Pues si esto me pasa durante la época en la que en teoría estoy con clases, y sometido a cierta presión, un día como hoy (13 de agosto) la motivación brilla por su ausencia.
Por ello, me he decidido en aprovechar la mañana dando un paseo, con la coinciedencia de que hoy empieza ese fin de semana conocido internacionalmente (casi tanto como el descenso del Sella) por ser aquel en el que menos gente hay en Madrid (ayer se fueron los que empiezan las vacaciones y el domingo llegan los que las terminan), siendo 4 personas (3 de ellos turistas) las que hoy paseábamos por sus calles.

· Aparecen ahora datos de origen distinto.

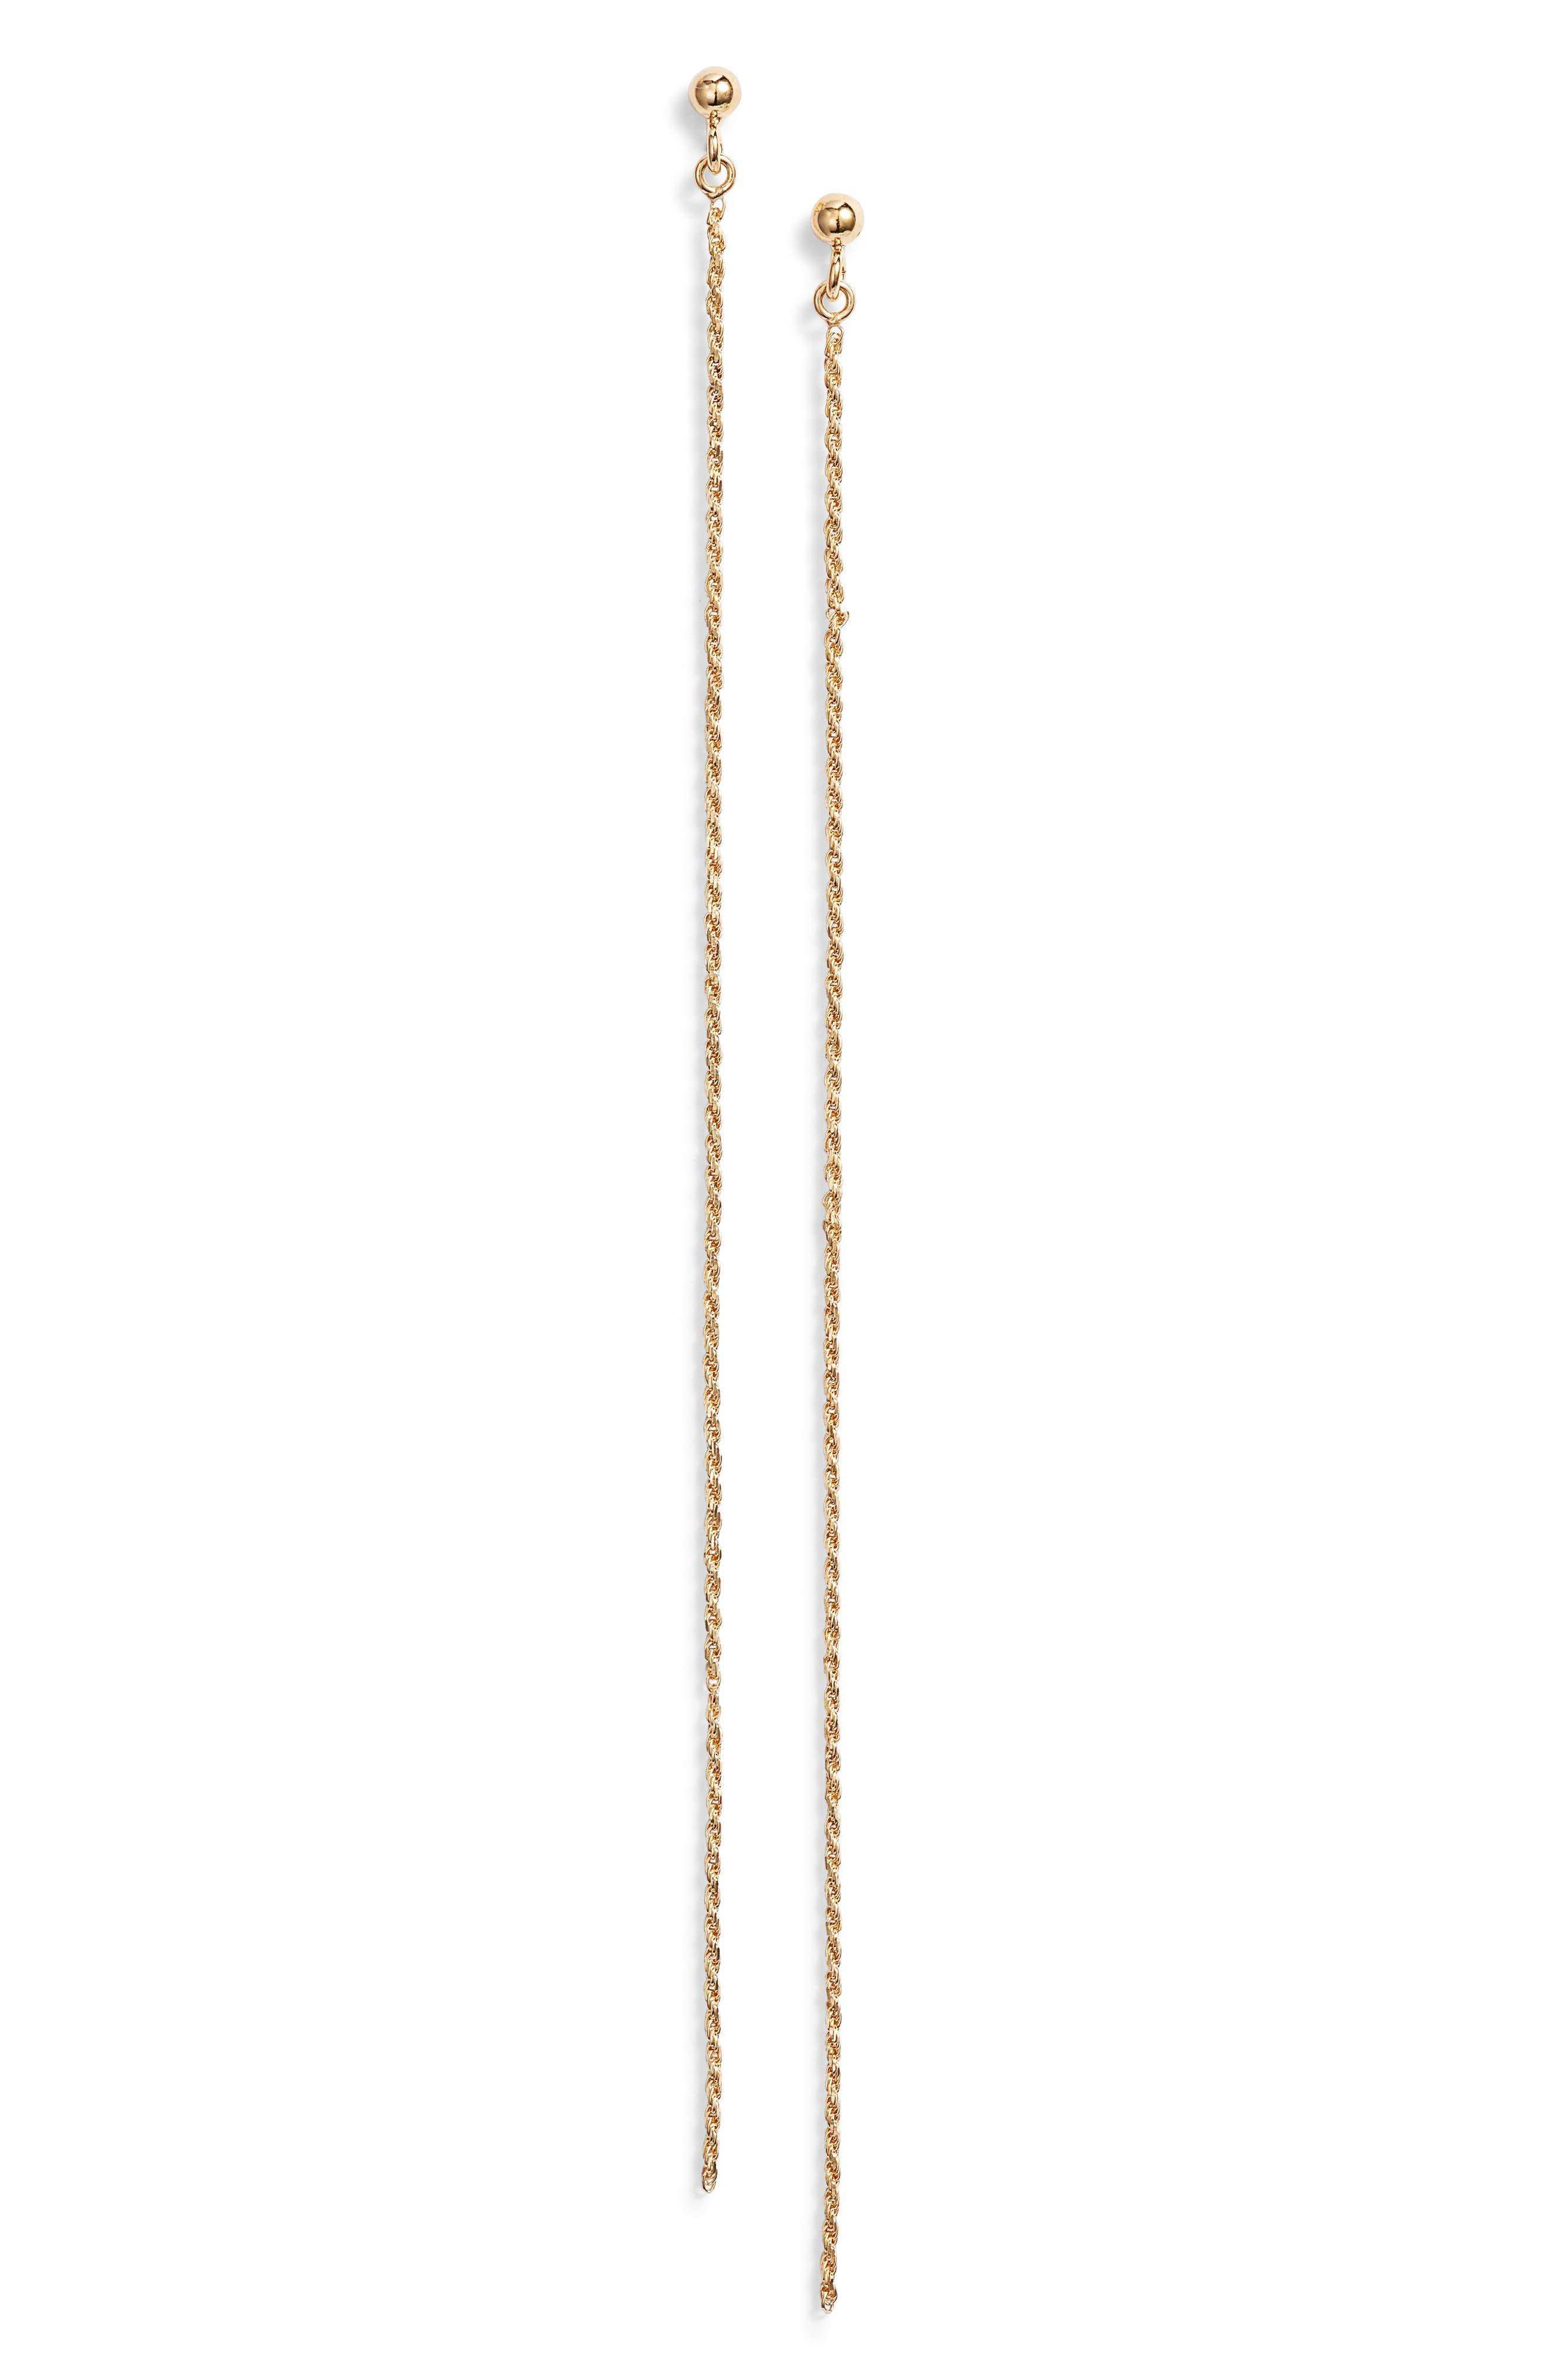 Chain Drop Earrings,                             Main thumbnail 1, color,                             GOLD

Así, caminando por un Madrid casi desierto me he sentido como Eduardo Noriega en la película "Abre los ojos", deseando de vez en cuando echar a correr y ponerme a pegar gritos en medio de la calle; pero esta vez, la pesadilla no era tal: el zumbido de tráfico de fondo había desaparecido, el aire olía a cesped recién regado y hasta el cielo había sustituido el gris debido a la polución, por un azul deslumbrante.
Esperemos que la pesadilla no llegue en Septiembre en forma de suspensos...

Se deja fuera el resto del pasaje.